__What the exercise asks__. Lines from the beginning of the data through the line containing "Baby boy cuddling soft toys - Stock Image" are to be copied exactly, with no other line included.

__Records provided__.
------

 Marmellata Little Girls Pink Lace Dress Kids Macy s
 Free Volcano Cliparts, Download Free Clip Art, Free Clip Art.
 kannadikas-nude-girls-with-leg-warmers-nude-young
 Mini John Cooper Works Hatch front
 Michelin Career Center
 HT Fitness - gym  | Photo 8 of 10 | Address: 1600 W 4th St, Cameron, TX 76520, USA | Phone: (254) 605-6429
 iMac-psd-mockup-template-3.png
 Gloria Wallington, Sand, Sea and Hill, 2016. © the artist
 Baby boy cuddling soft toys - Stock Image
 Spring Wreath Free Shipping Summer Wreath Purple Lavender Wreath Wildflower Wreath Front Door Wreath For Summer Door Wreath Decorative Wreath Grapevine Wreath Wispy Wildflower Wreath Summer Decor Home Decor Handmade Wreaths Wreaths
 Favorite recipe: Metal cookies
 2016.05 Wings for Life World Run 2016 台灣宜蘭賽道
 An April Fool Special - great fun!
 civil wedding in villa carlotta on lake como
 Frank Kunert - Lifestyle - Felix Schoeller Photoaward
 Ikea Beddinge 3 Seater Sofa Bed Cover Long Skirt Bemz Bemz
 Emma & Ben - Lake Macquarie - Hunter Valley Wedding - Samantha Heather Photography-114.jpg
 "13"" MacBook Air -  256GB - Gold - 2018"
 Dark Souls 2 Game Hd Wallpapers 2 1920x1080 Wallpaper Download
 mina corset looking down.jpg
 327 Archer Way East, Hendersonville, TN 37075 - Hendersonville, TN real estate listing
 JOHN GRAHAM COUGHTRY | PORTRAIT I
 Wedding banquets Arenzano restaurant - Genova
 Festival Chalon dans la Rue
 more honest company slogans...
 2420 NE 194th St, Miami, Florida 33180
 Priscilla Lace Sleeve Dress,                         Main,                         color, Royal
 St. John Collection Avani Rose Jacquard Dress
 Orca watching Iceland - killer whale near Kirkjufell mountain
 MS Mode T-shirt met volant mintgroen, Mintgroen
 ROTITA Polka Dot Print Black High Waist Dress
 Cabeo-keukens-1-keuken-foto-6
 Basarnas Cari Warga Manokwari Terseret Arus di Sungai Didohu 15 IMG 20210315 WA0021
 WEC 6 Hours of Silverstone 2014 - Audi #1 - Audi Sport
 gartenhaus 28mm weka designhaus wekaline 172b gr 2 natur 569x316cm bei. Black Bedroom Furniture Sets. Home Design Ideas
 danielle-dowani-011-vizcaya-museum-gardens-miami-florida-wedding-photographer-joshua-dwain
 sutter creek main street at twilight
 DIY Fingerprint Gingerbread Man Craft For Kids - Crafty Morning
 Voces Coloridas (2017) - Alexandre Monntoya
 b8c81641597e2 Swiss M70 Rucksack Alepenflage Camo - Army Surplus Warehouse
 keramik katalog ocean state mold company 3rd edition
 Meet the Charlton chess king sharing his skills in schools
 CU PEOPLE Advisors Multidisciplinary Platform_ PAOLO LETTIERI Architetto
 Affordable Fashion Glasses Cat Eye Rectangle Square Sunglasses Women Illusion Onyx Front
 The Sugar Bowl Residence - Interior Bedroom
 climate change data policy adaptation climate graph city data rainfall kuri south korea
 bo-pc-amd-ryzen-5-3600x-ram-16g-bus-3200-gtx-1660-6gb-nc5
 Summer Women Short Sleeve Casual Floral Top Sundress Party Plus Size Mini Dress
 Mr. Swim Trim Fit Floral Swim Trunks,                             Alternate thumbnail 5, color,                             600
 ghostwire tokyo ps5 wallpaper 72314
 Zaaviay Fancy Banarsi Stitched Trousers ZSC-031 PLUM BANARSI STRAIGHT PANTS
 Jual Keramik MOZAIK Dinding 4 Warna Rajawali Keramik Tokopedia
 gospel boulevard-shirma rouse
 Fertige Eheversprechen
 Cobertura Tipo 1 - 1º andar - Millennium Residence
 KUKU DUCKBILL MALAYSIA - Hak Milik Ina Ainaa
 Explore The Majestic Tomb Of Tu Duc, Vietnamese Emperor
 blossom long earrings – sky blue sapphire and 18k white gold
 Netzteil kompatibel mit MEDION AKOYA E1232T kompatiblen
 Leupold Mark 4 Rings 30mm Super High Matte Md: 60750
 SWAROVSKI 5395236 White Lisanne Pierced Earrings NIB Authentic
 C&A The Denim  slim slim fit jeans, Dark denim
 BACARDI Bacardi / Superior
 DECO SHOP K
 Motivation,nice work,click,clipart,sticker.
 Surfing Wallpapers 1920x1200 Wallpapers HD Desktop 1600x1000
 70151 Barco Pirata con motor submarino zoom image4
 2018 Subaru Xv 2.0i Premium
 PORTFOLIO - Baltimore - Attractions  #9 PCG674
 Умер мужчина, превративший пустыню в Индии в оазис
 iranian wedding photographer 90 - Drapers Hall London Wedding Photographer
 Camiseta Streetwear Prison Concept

------

__Answer for this exercise__.
 Marmellata Little Girls Pink Lace Dress Kids Macy s
 Free Volcano Cliparts, Download Free Clip Art, Free Clip Art.
 kannadikas-nude-girls-with-leg-warmers-nude-young
 Mini John Cooper Works Hatch front
 Michelin Career Center
 HT Fitness - gym  | Photo 8 of 10 | Address: 1600 W 4th St, Cameron, TX 76520, USA | Phone: (254) 605-6429
 iMac-psd-mockup-template-3.png
 Gloria Wallington, Sand, Sea and Hill, 2016. © the artist
 Baby boy cuddling soft toys - Stock Image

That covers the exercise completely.